Representative data: Ensure your fairness assessment dataset is representative of those fairness dimensions. This means gathering data that has enough representation for all relevant segments of the population, covering for the various demographic dimensions you are trying to assess for. For example, if you want to test a model for fairness for the gender and age dimensions, make sure your patient dataset has enough representation of patients from different genders and of diverse ages.

Detect bias: Use tools and techniques to identify bias in your AI. Common methods include statistical parity analysis and disparate impact analysis, among others. Another way to look at it is to make sure that quality of the results of your model, as defined by your goals above, does not present statistically significant differences in results between groups across your fairness dimensions. For examples, that your AI model’s F1 score is not more than x points better for male patients than for female patients.

AI has great potential to reach the unreachable, and improve care for LGBTQ+ population.

Are we there yet?

The evolution of healthcare systems, and AI in particular, have great potential to reach the unreachable, and improve care for LGBTQ+ population. But there is still a lot to be done to ensure AI systems perform fairly for all potential users. And this needs to be applied across the technology stack.

LGBTQ+’s are not underrepresented in the population per se. As opposed to past research studies, where not just the LGBTQ+ population was absent, but also women and non-Caucasian men, data of LGBTQ+ individuals is there, as its community members are part of the general population and visit medical facilities. The issue is that in many cases there is no way of knowing the data is of a member of LGBTQ+ community, since, even given patient consent to storing this information, sexual orientation and gender identity data is not always stored in the records. This creates challenges in analyzing this data to maximize its value.

Mind you, this is more challenging to just adding a column to a database, due to the sensitivity of this information, plus the fact that sexual and gender fluidity might be a more than a binary question these days.

HL7-FHIR introduced recent extensions for Sexual Orientation and Gender Identity data that try to address this range . Time to adopt those.

But many digital healthcare systems and tools have not yet enabled documenting sexual orientation and gender identity in a structured way within the medical records upon patient consent. So how can AI developers make sure their training and evaluation data sets are diverse and inclusive, when there’s no information about gender identity or sexual orientation in the patient’s medical records?

And how can developers extract gender identity or sexual orientation information that is explicitly mentioned in unstructured text, if some information extraction AI systems and tools still have gaps in extracting this information as part of the patient’s social determinants of health?
Not even talking about inference of those attributes, which apparently falls under ‘Prohibited AI Systems’ according to the recent EU AI Act.

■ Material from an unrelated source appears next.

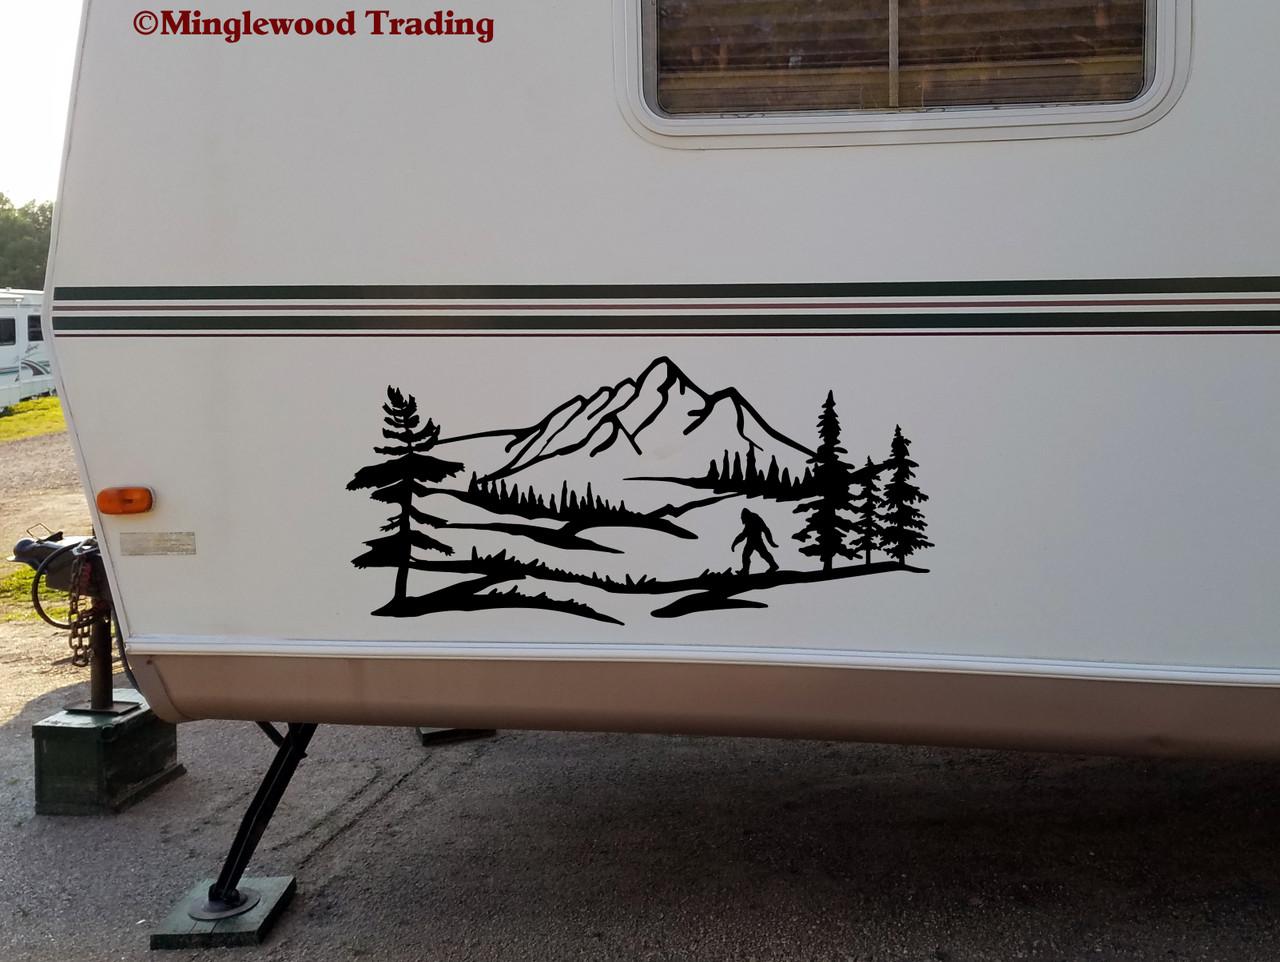 Bigfoot Mountain Trees Scene V2 Vinyl Sticker - Camper RV Travel Trailer Graphics 4x4 - Die Cut Decal
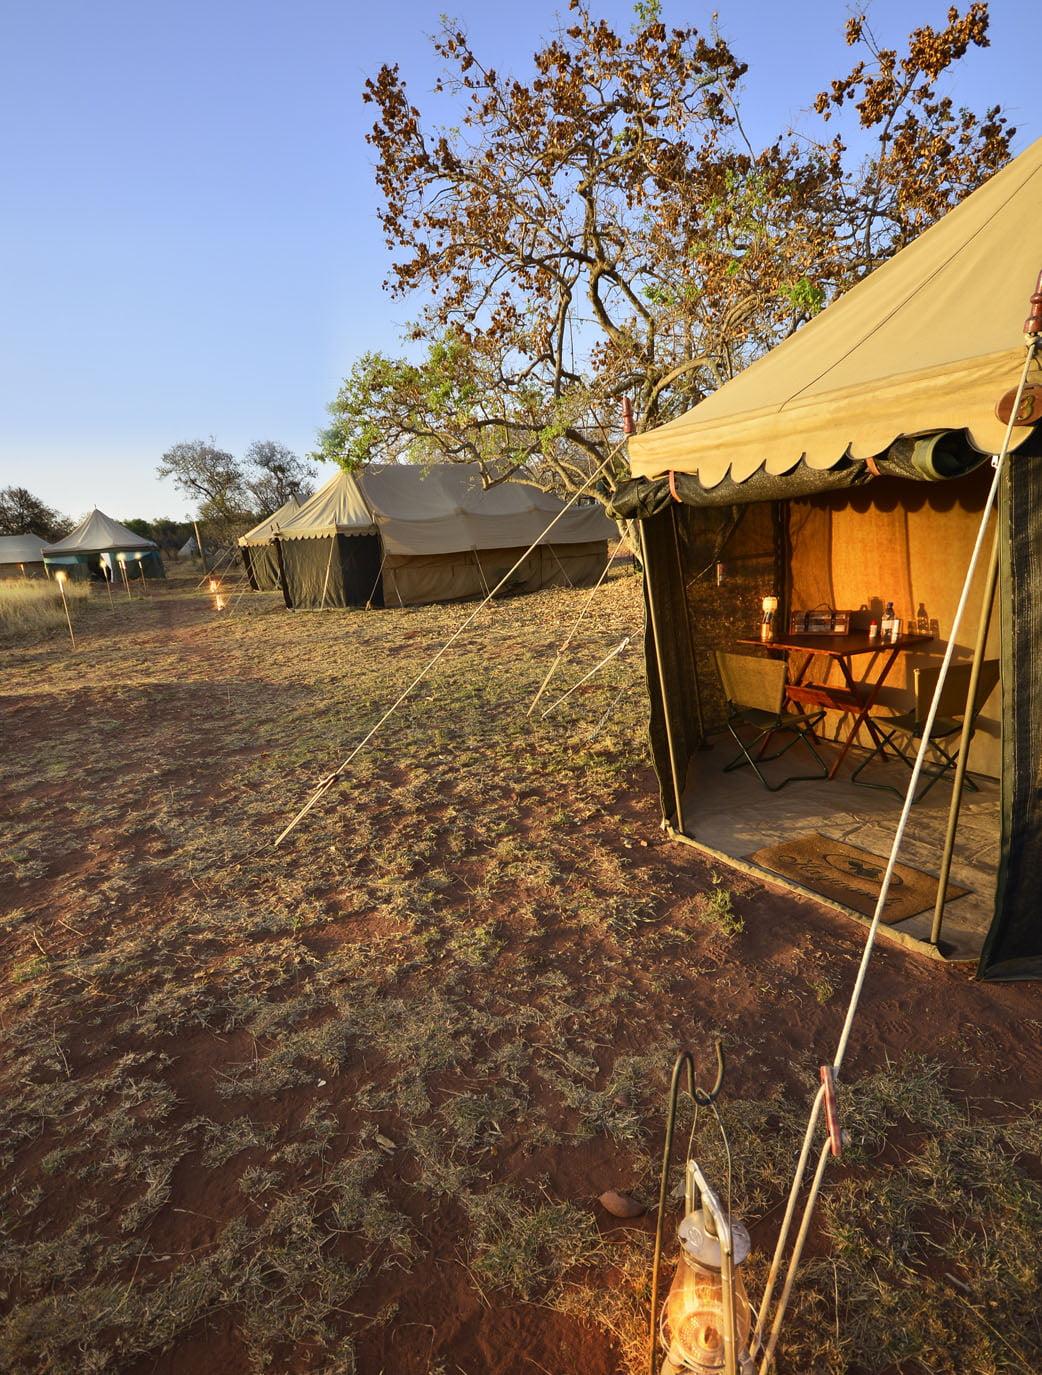 Kalahari Transfrontier Park

Just explicit mentions in unstructured clinical notes.

Healthcare systems and models need to recognize that biological sex and gender identity might not match in case of transgender people. And when a system is not sure about what pronouns to use for the patient (he/she/they), turning to nonbinary language can help avoid mistakes.

By prioritizing inclusivity in AI development we can foster a more equitable future.

In summary, by prioritizing inclusivity in AI development across the stack, we can foster a more equitable technological future and ensure that AI tools serve every individual, regardless of their sexual orientation or gender identity.

Or, in other words: love is love. It’s time digital healthcare systems, and AI models in particular, get that.

Dedicated to all the people in my life who are a part of the LGBTQ+ community and have the courage to be their true self.